TASK TO CARRY OUT:
Starting at the line that contains "2013, Cam shaft, Porsche, 997, Turbo, Supercar, Supercars", reproduce only the lines through the end of the data, exactly, including both the first and the last; skip the pictures.

DATA:
==================================================

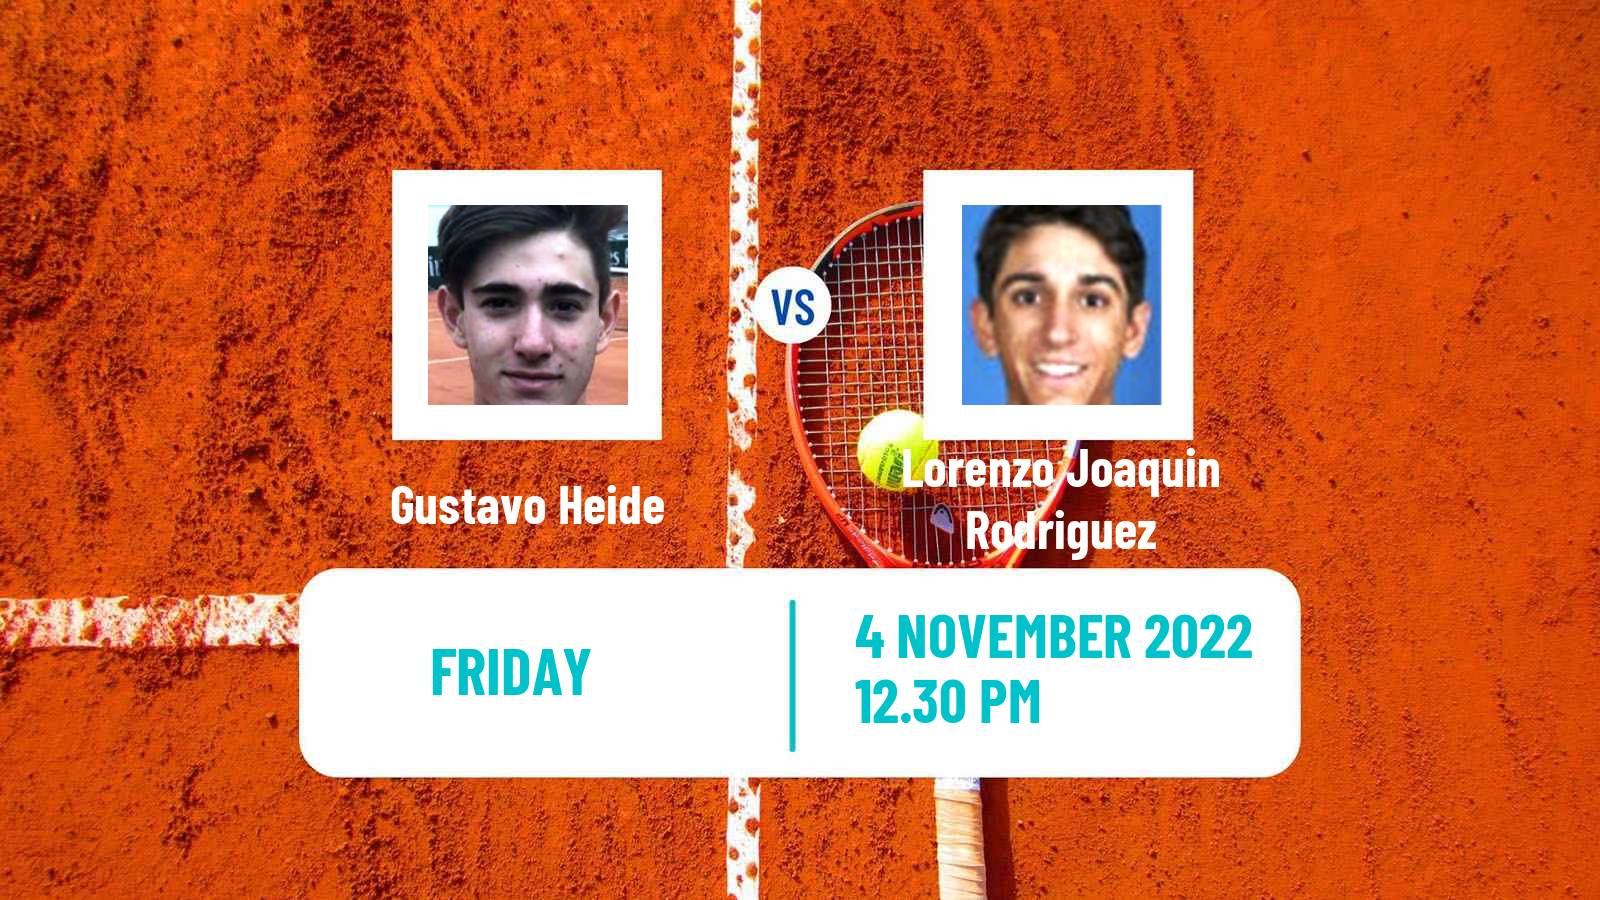 Tennis ITF Tournaments Gustavo Heide - Lorenzo Joaquin Rodriguez
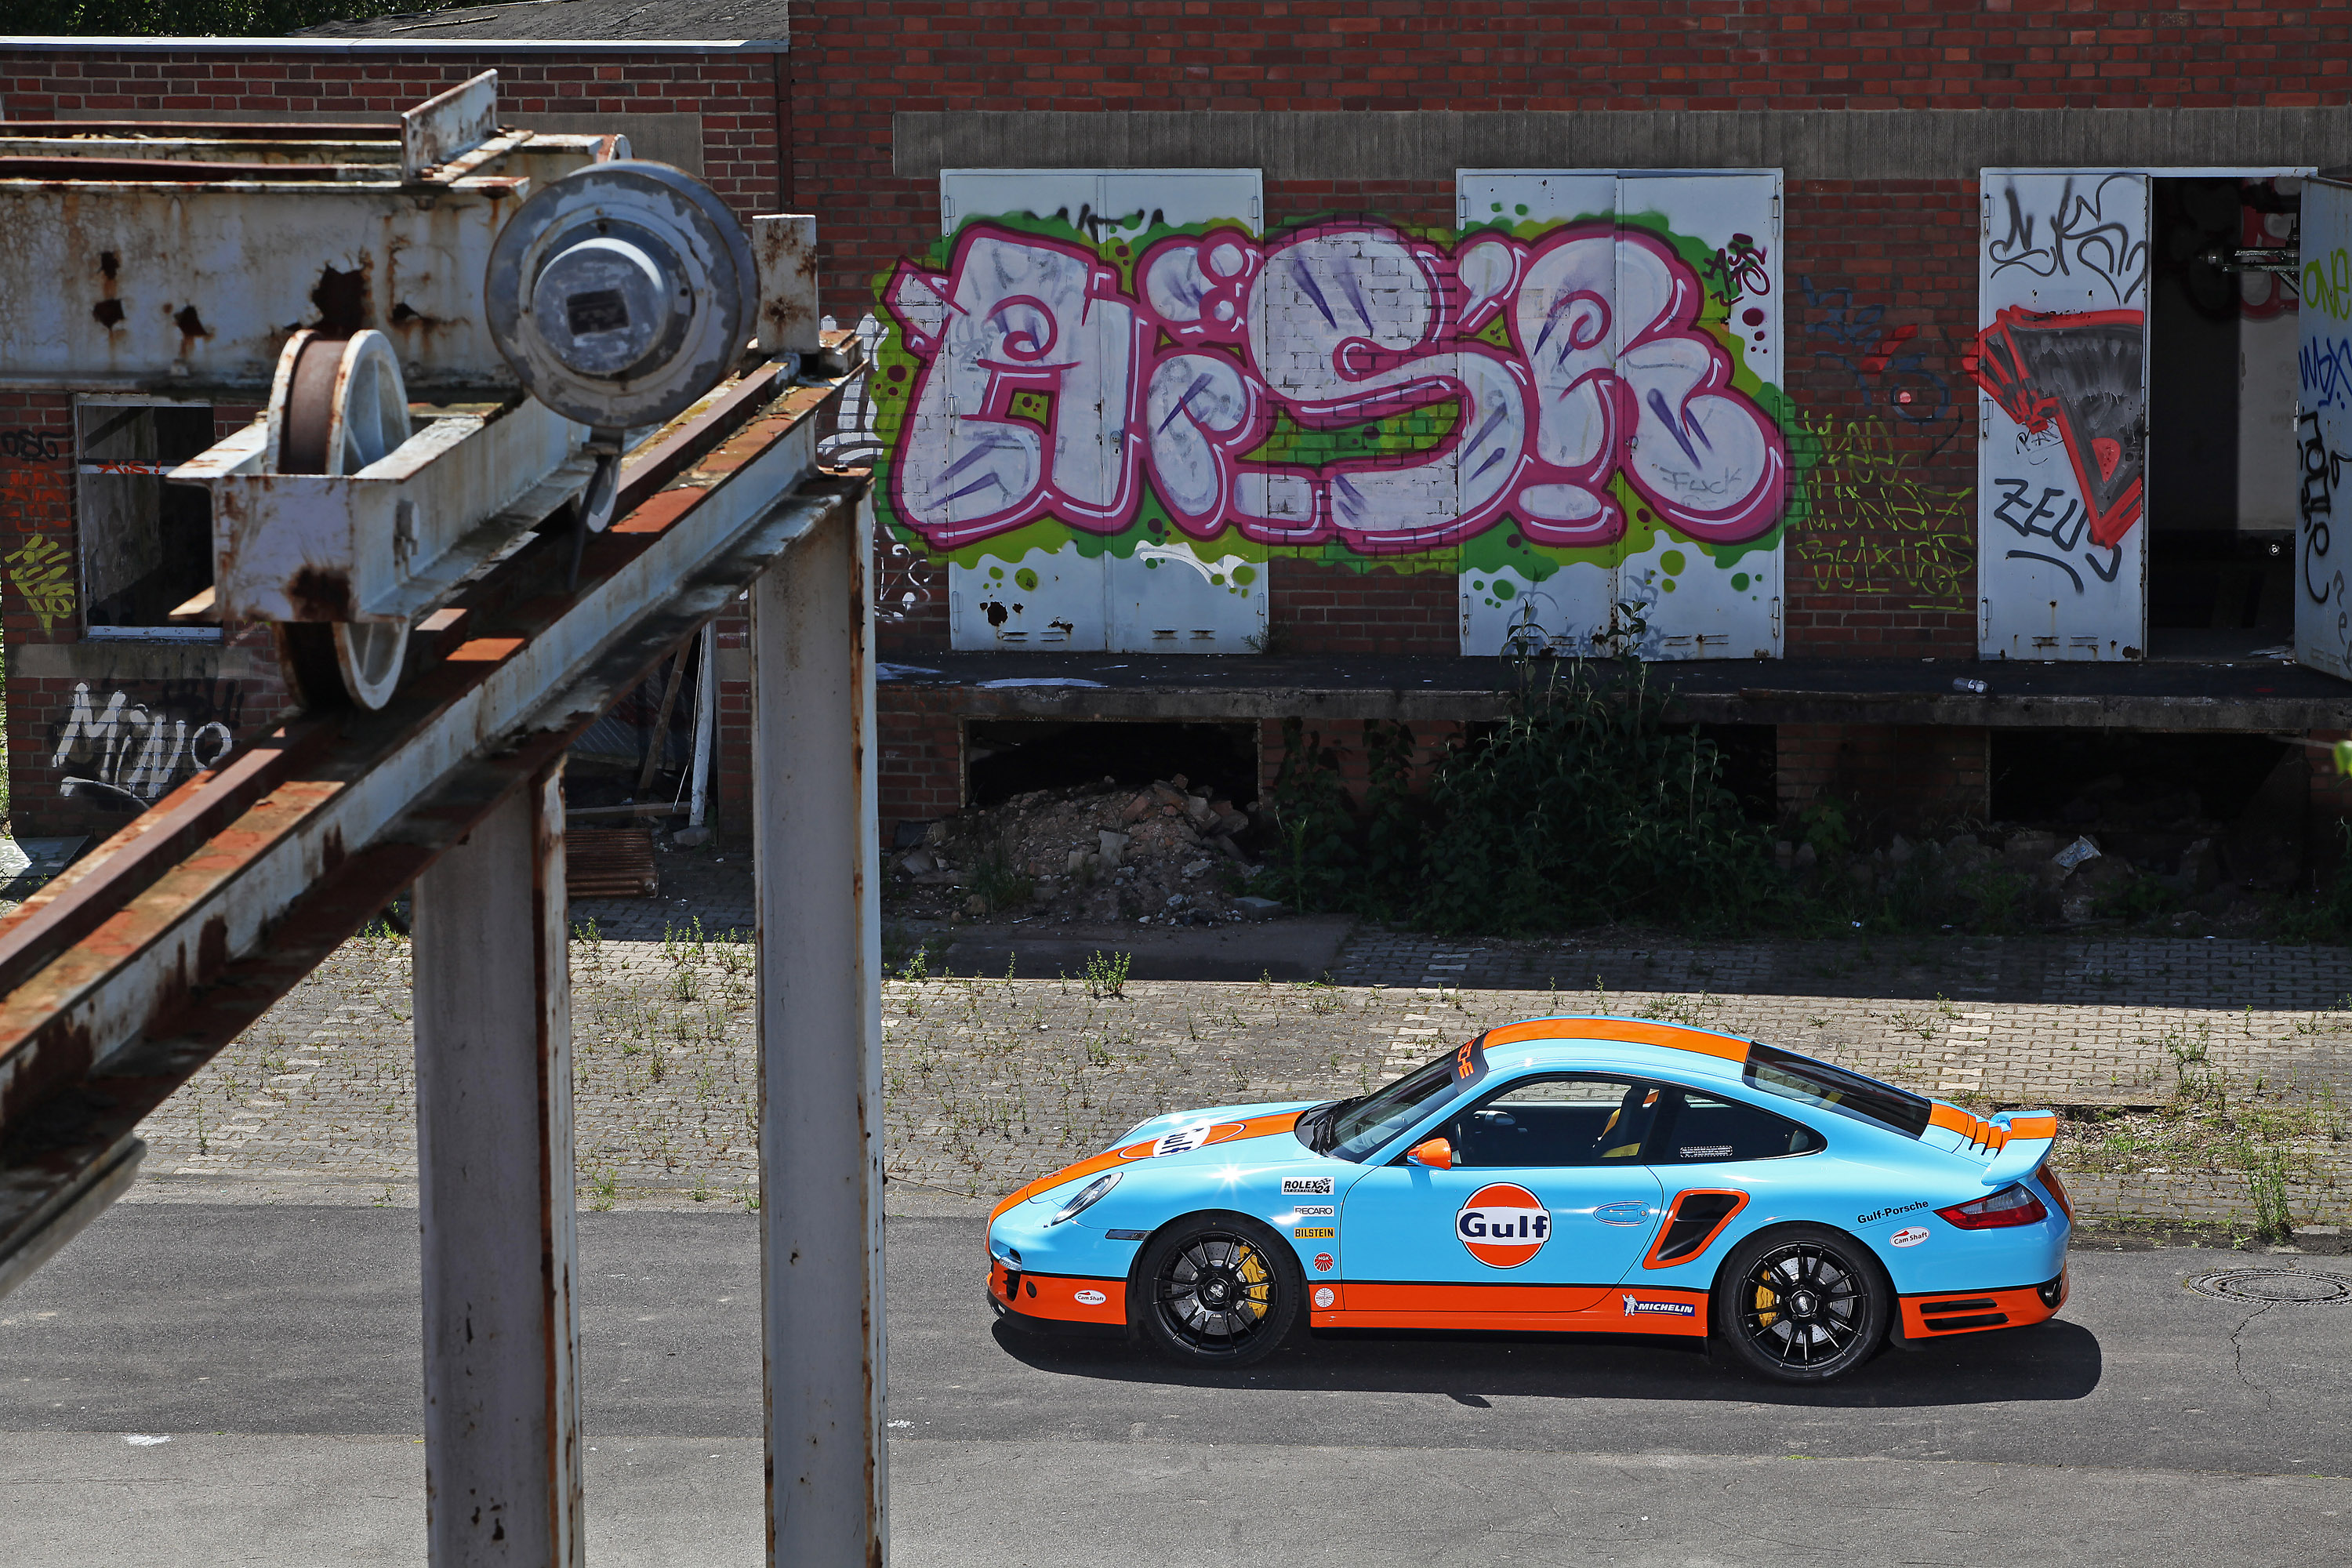 2013, Cam shaft, Porsche, 997, Turbo, Supercar, Supercars Wallpaper
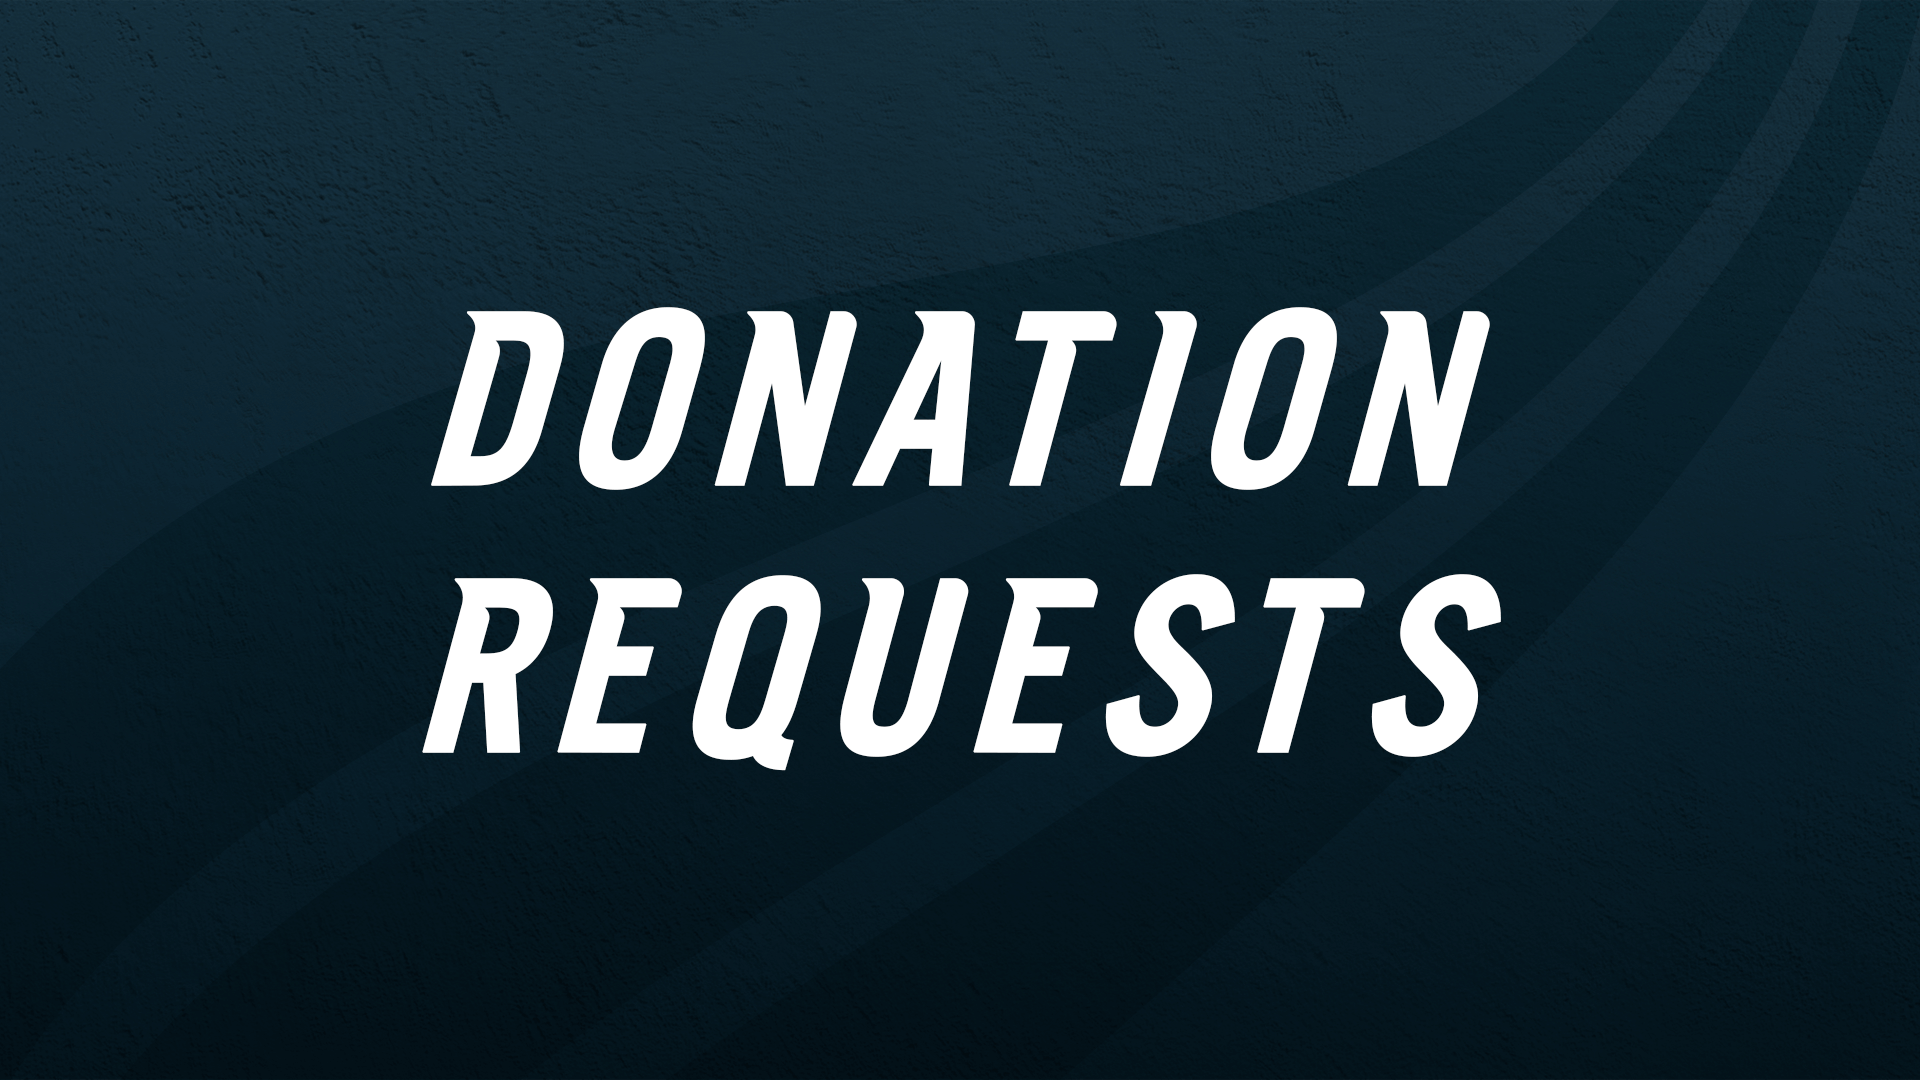 https://www.kansascitycurrent.com/donation-requests
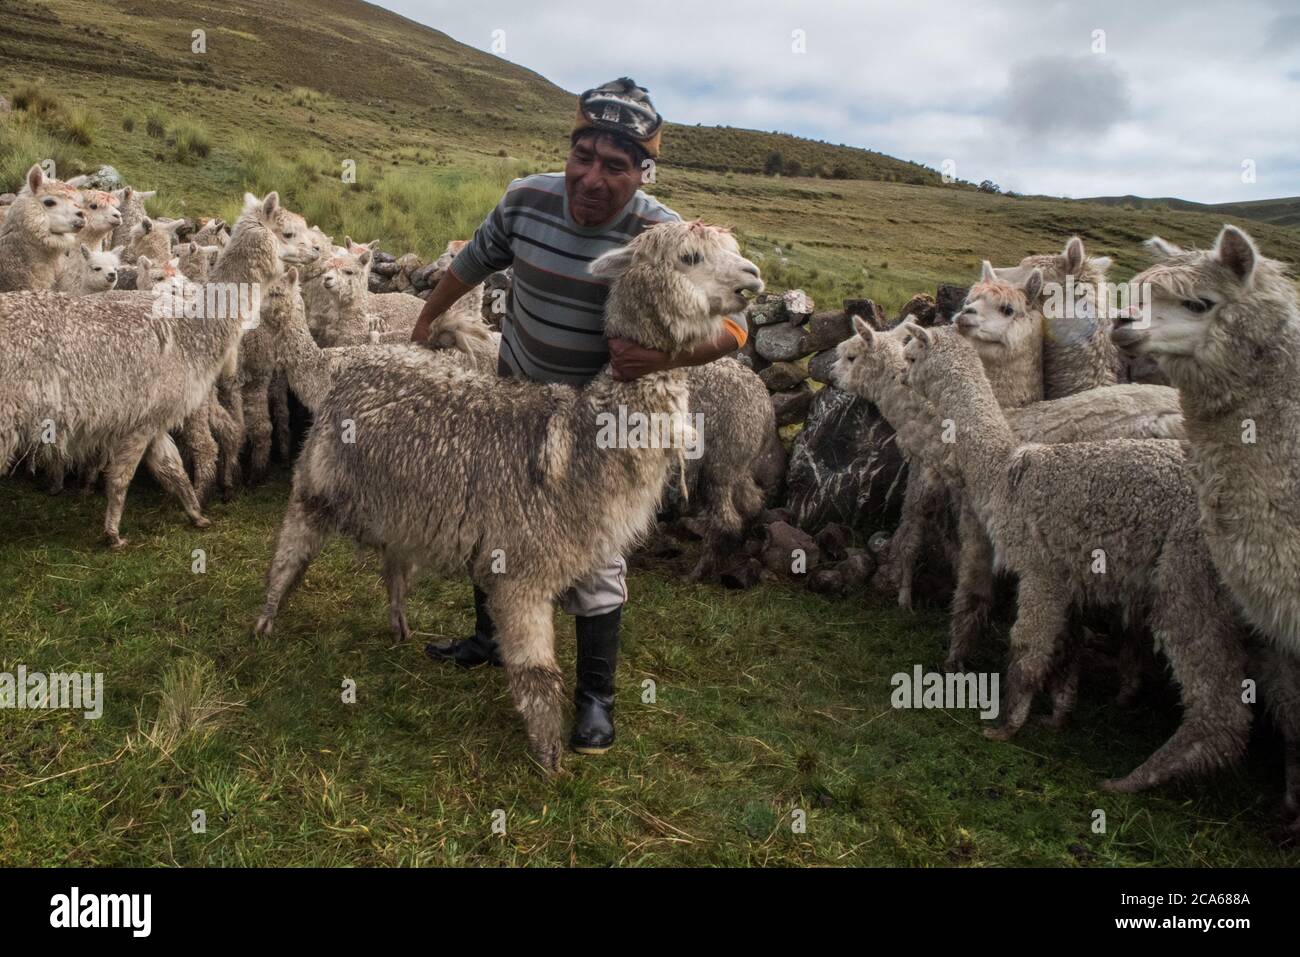 A peruvian man restrains an alpaca in preparation for a health check. Stock Photo

==================================================

YOUR SOLUTION:
 2013, Cam shaft, Porsche, 997, Turbo, Supercar, Supercars Wallpaper
 https://www.kansascitycurrent.com/donation-requests
 A peruvian man restrains an alpaca in preparation for a health check. Stock Photo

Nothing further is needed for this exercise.